== Segment start ==

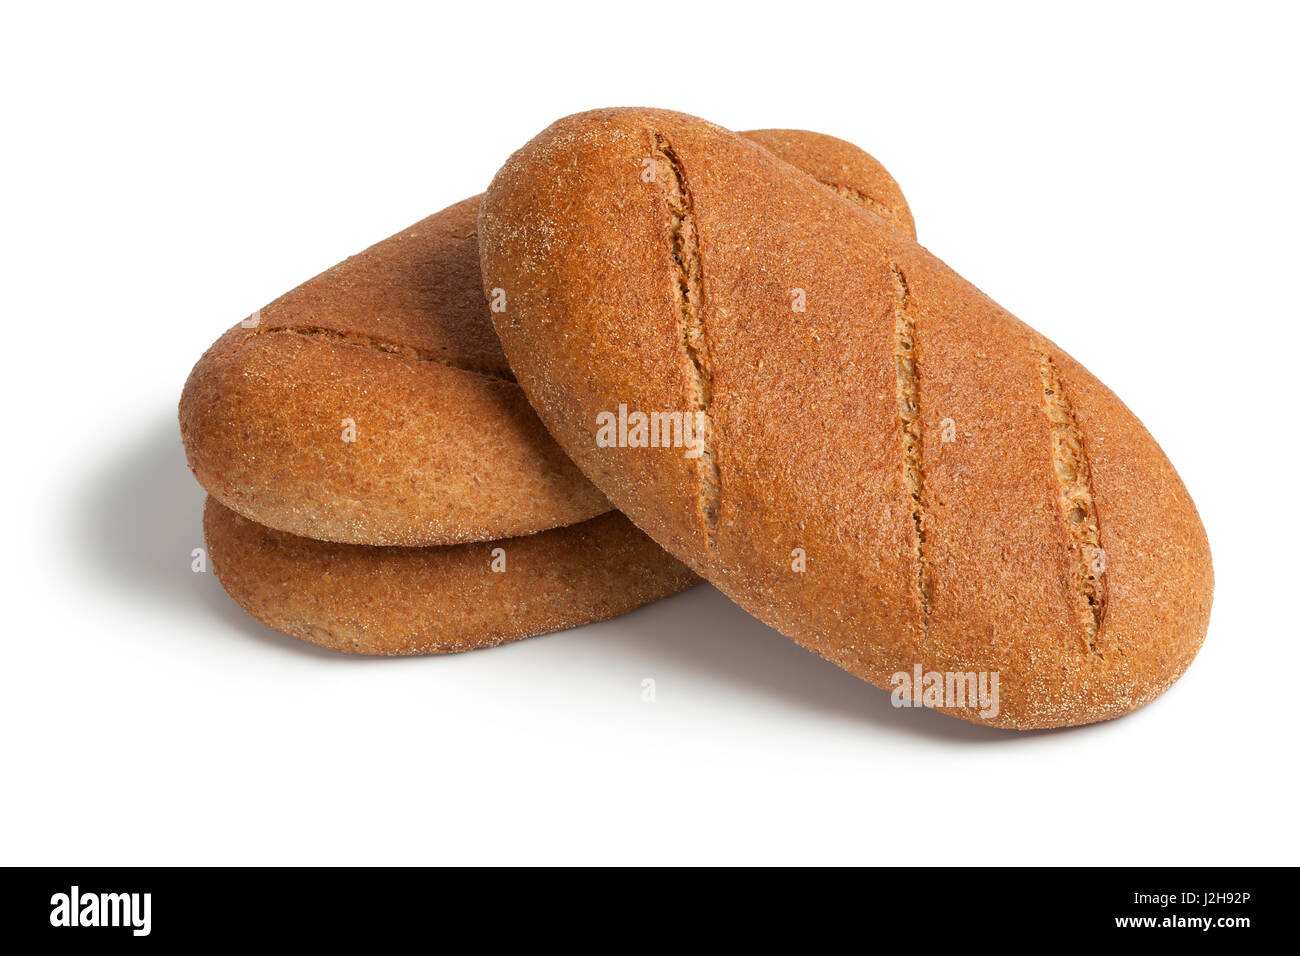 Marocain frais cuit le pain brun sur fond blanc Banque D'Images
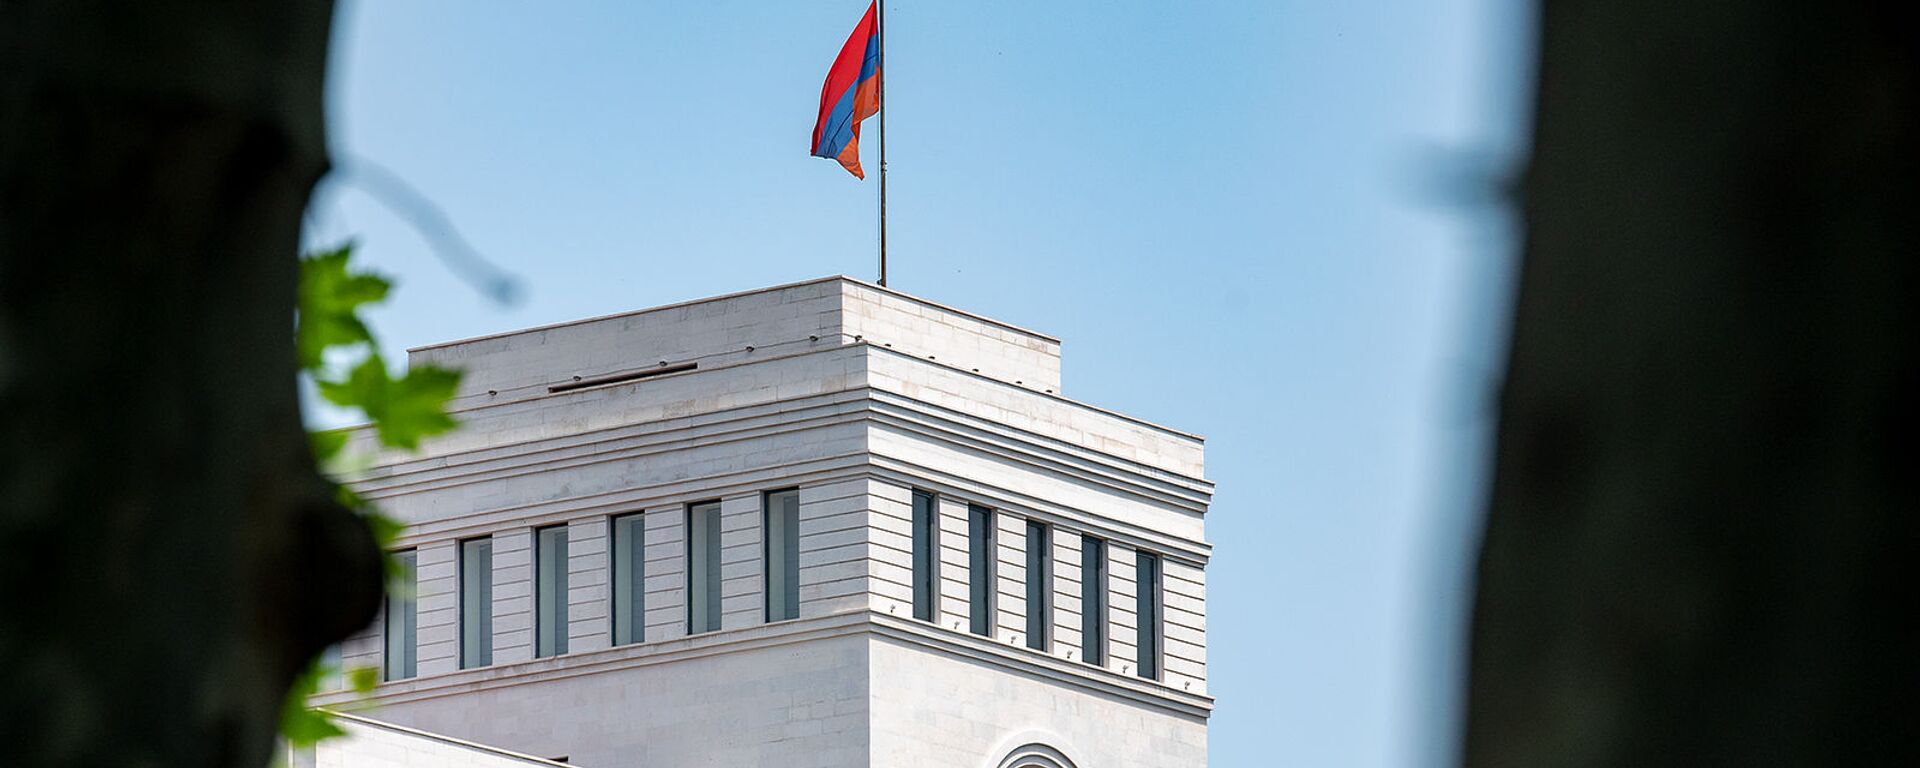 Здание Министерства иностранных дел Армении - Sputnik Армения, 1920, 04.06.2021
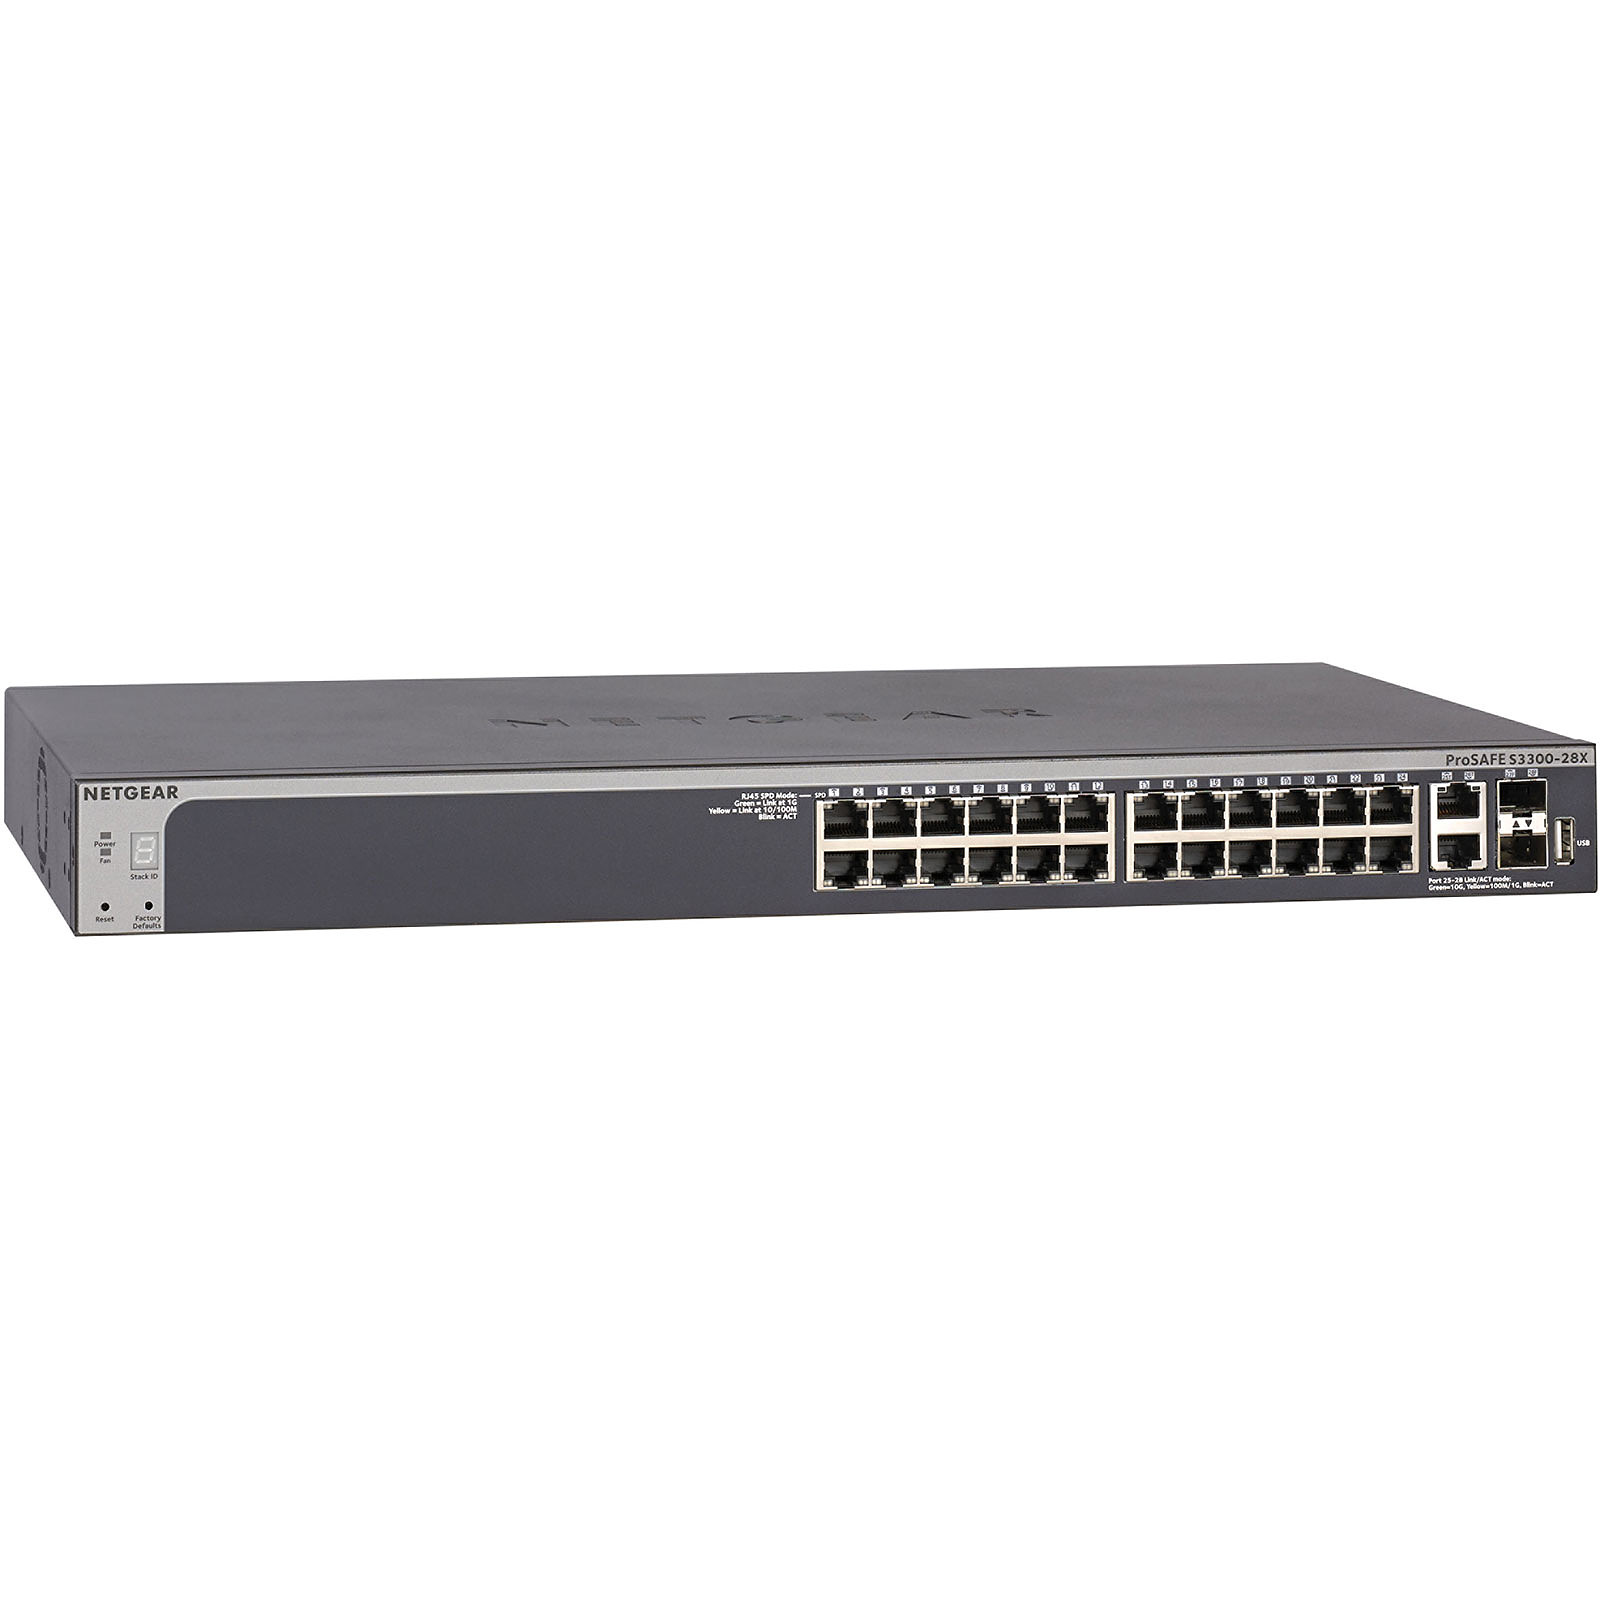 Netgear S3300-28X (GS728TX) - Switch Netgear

== Segment end ==
== Segment start ==

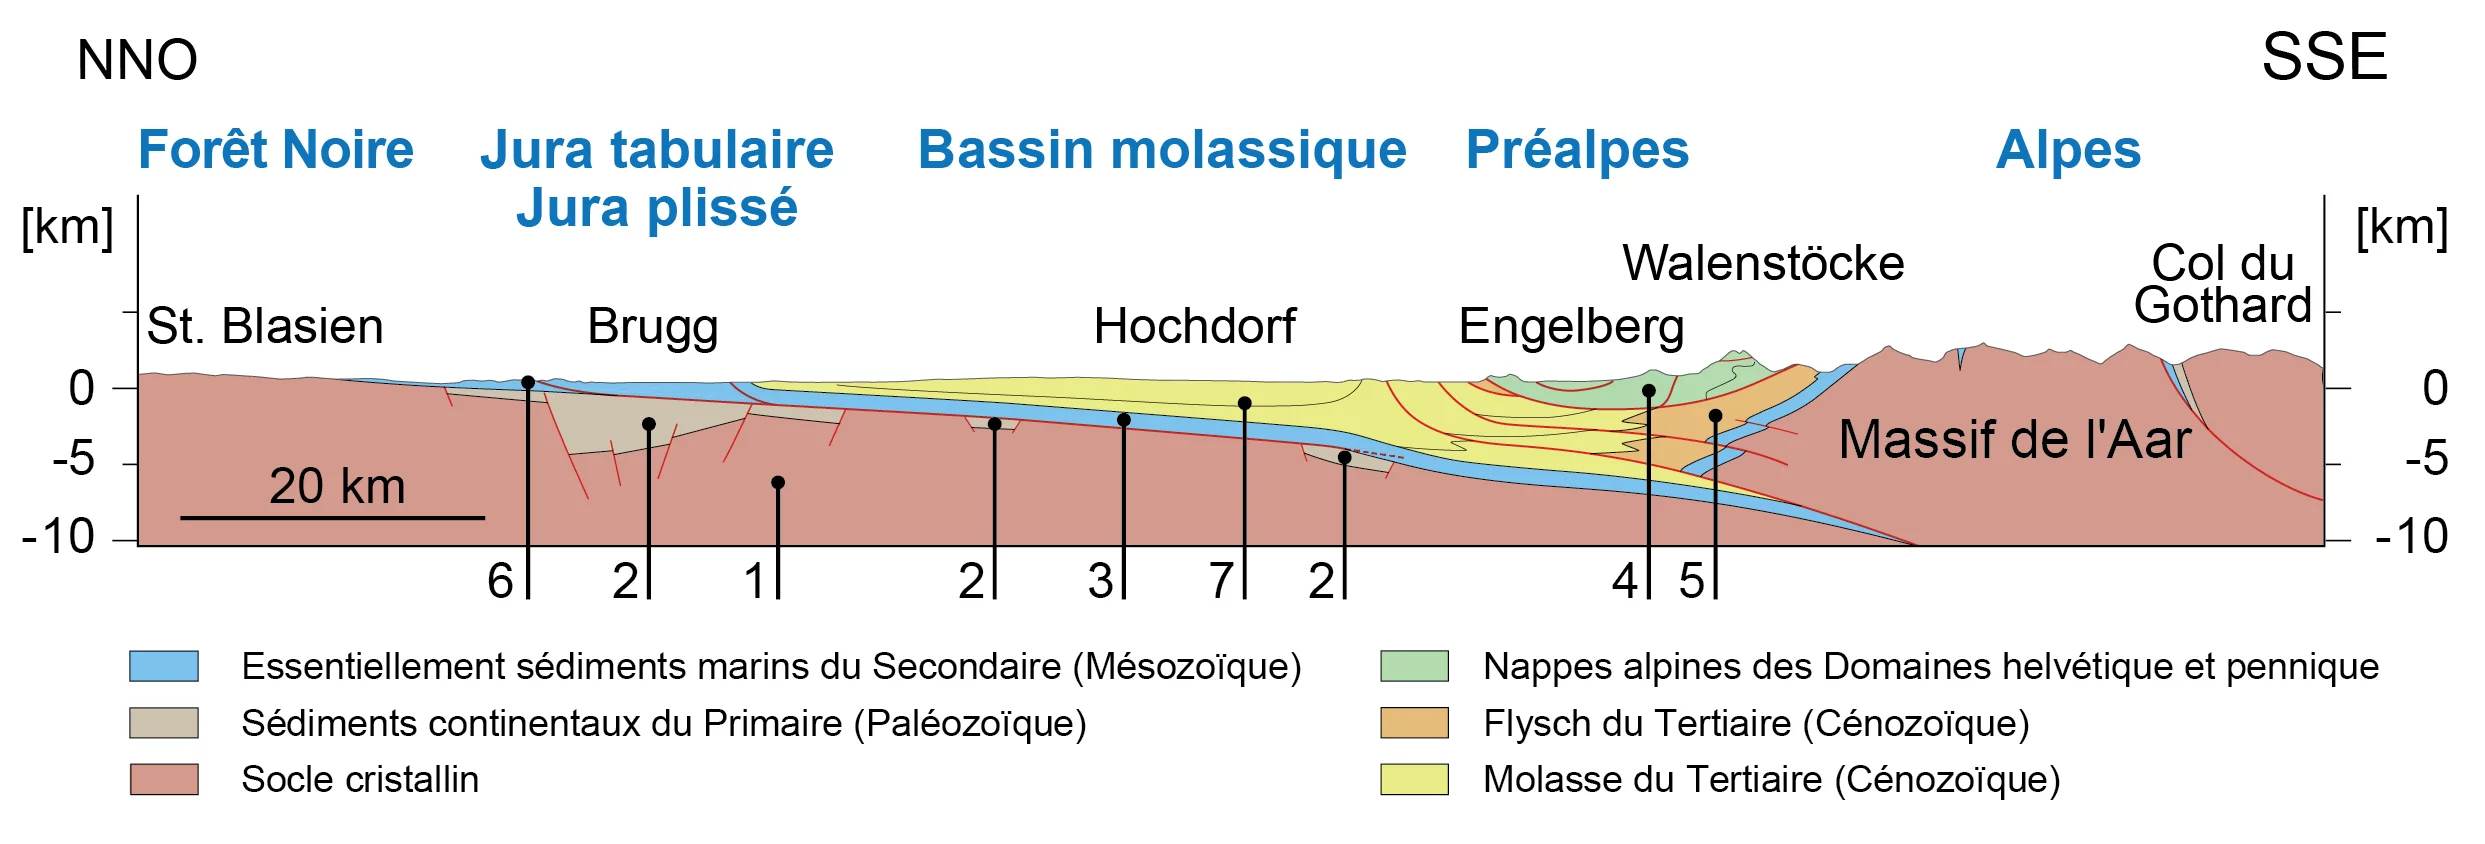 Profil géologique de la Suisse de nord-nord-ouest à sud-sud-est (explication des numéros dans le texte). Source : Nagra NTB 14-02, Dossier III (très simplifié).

== Segment end ==
== Segment start ==

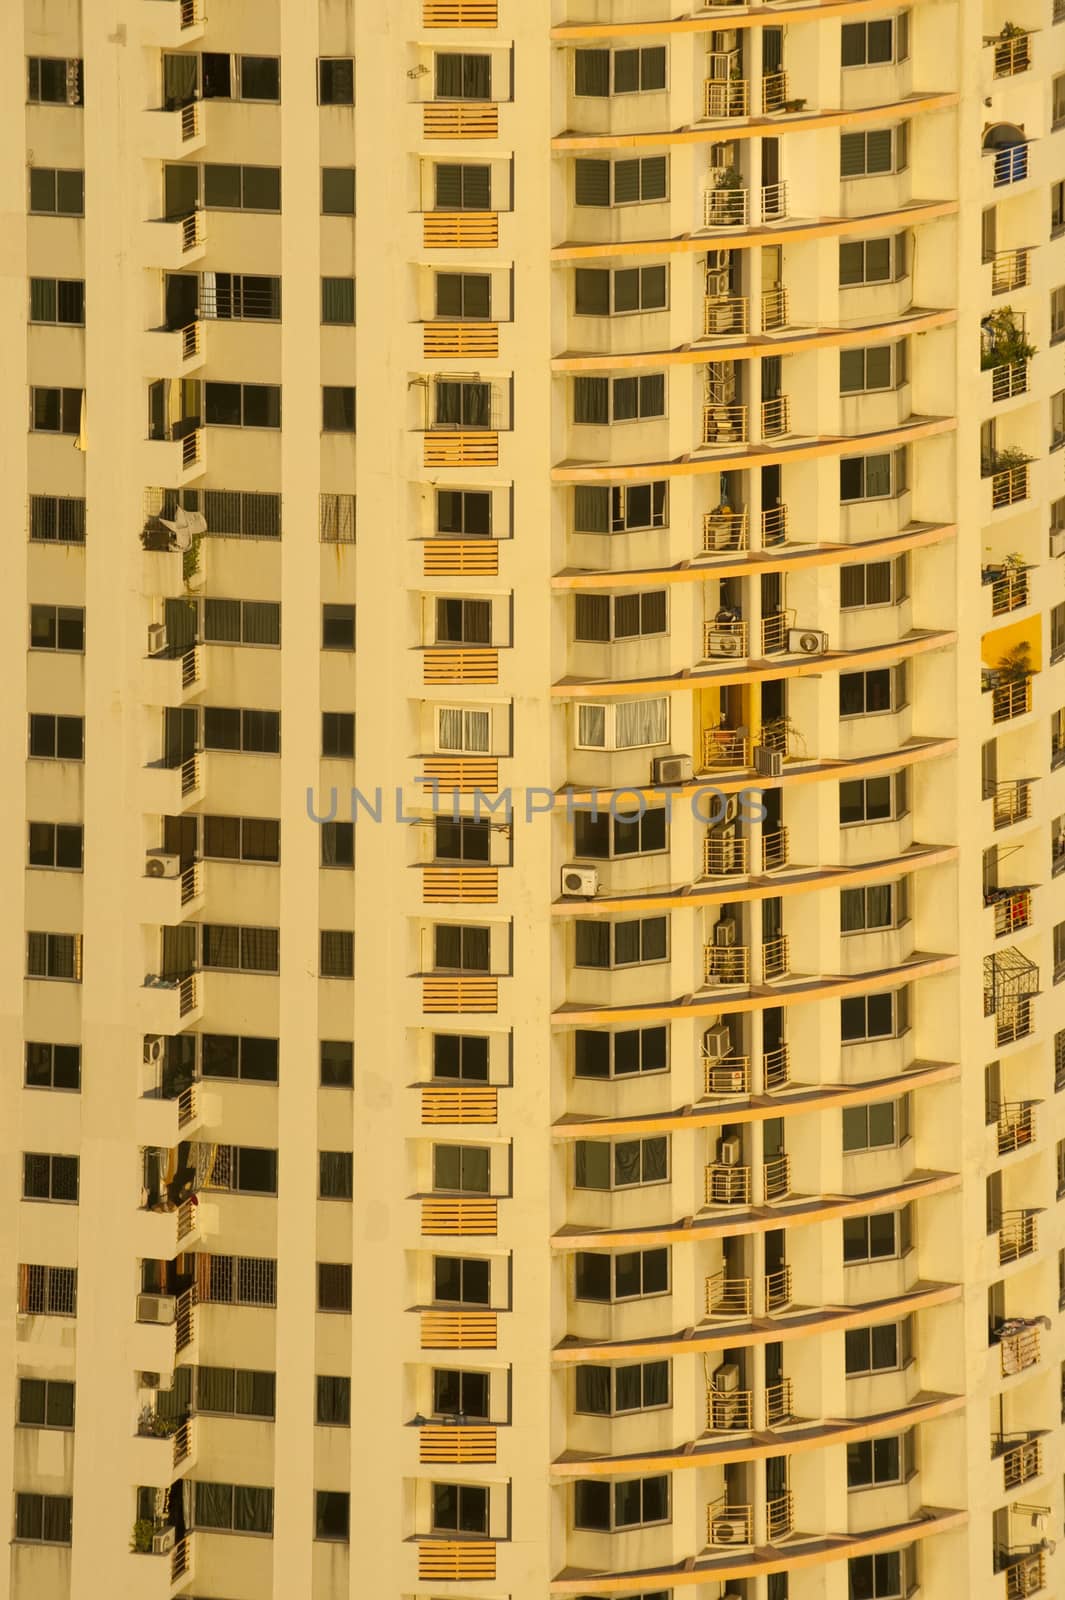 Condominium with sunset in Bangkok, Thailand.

== Segment end ==

> [About this task]:
Only one stretch of the entries above is needed: the lines from the one containing "Marocain frais cuit" through the one containing "Netgear S3300-28X (GS728TX) - Switch Netgear". Copy it exactly, without the pictures.

> [Answer box]:
 Marocain frais cuit le pain brun sur fond blanc Banque D'Images
 Здание Министерства иностранных дел Армении - Sputnik Армения, 1920, 04.06.2021
 Netgear S3300-28X (GS728TX) - Switch Netgear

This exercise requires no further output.